Lots of gardening going on too :)



  So back to the 30 Day Challenge of No Yelling and how it's been going.... 
  I've had a huge realization lately,  it's not that the 30 Day Challenge was a bad idea, because it definitely was not!  It has opened my eyes completely!  It's just that I have seen that yelling is not actually the problem, I needed to get down to the root.  Just like gardening I can pick the weed every week, but if I don't go out and dig up the root the weed will continue to grow back every week and become a huge pain in my side.  I listened to a sermon on the "Spirit of Anger" and WOW!   I really needed to get on my knees and repent!  I have a huge problem with my spirit.  I have to stop getting so upset before I can really stop the yelling. I'm not going to say I've done 180, because I haven't.  I still have meltdowns, and I can still feel myself about to loose it.  However, I have discovered some trigger points that I didn't realize was allowing myself to get so upset. 

  I don't want my children to remember a mother who had a spirit of anger all the time.  I want them to remember me on how much I taught them and how I loved being with them as I was teaching them different life lessons.  I don't want them to be afraid that I could blow up at any moment or not come to me with something they are dealing with because they are scared I may lose it. 

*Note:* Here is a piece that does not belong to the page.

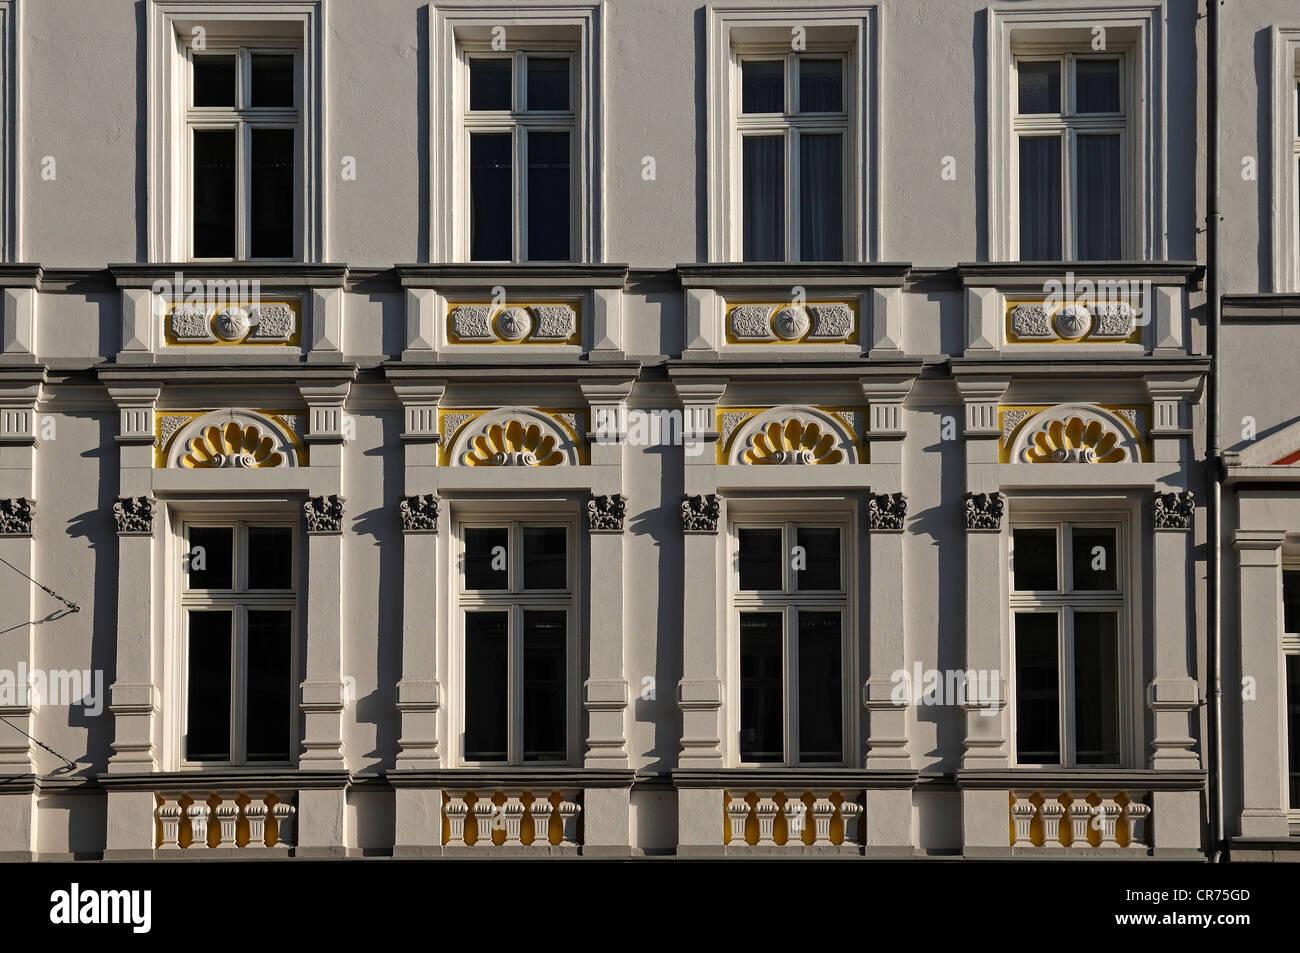 Townhouse decorativa fachada del siglo XIX, Mecklenburgstrasse 14, Schwerin, Mecklemburgo-Pomerania Occidental Foto de stock

  I heard a sermon once from an old preacher that kept saying his wife was just so "delightful" to be around.  And he just missed her so much.  I know that when I'm gone, my family will miss me, but will they say I was a "delight" to be around?  I know as a child and a teenager, I probably annoyed more people that I did not annoy, however, I remember always being so joyful at church camp and youth group and just always being in a good mood and hugging people.  And I feel like most days I have totally lost my joy now that I am a mother.  And in reality I should be more joyful now than I have ever been!  God has been sooooo graceful to me and given me soooo many more blessings than I deserve!!!  Where is my joy?  Where is my delight?  So here's my 30 day Challenge for June.....Trying to be more joyful!!  And I don't just mean happy, I mean pure joy.  And if that means smiling when I don't feel like it, then so be it!  I have but such a small time here on earth, I need to start using my time wisely! 

   ~ Psalm 35:9 ~
And my soul shall be joyful in the Lord; It shall rejoice in His salvation.
 
Have you lost your joy?  Are you delightful to be around?  What is the root of your anger/yelling?  I pray this morning that you will dig deeper into God's word and rest on Him to help you find the answers.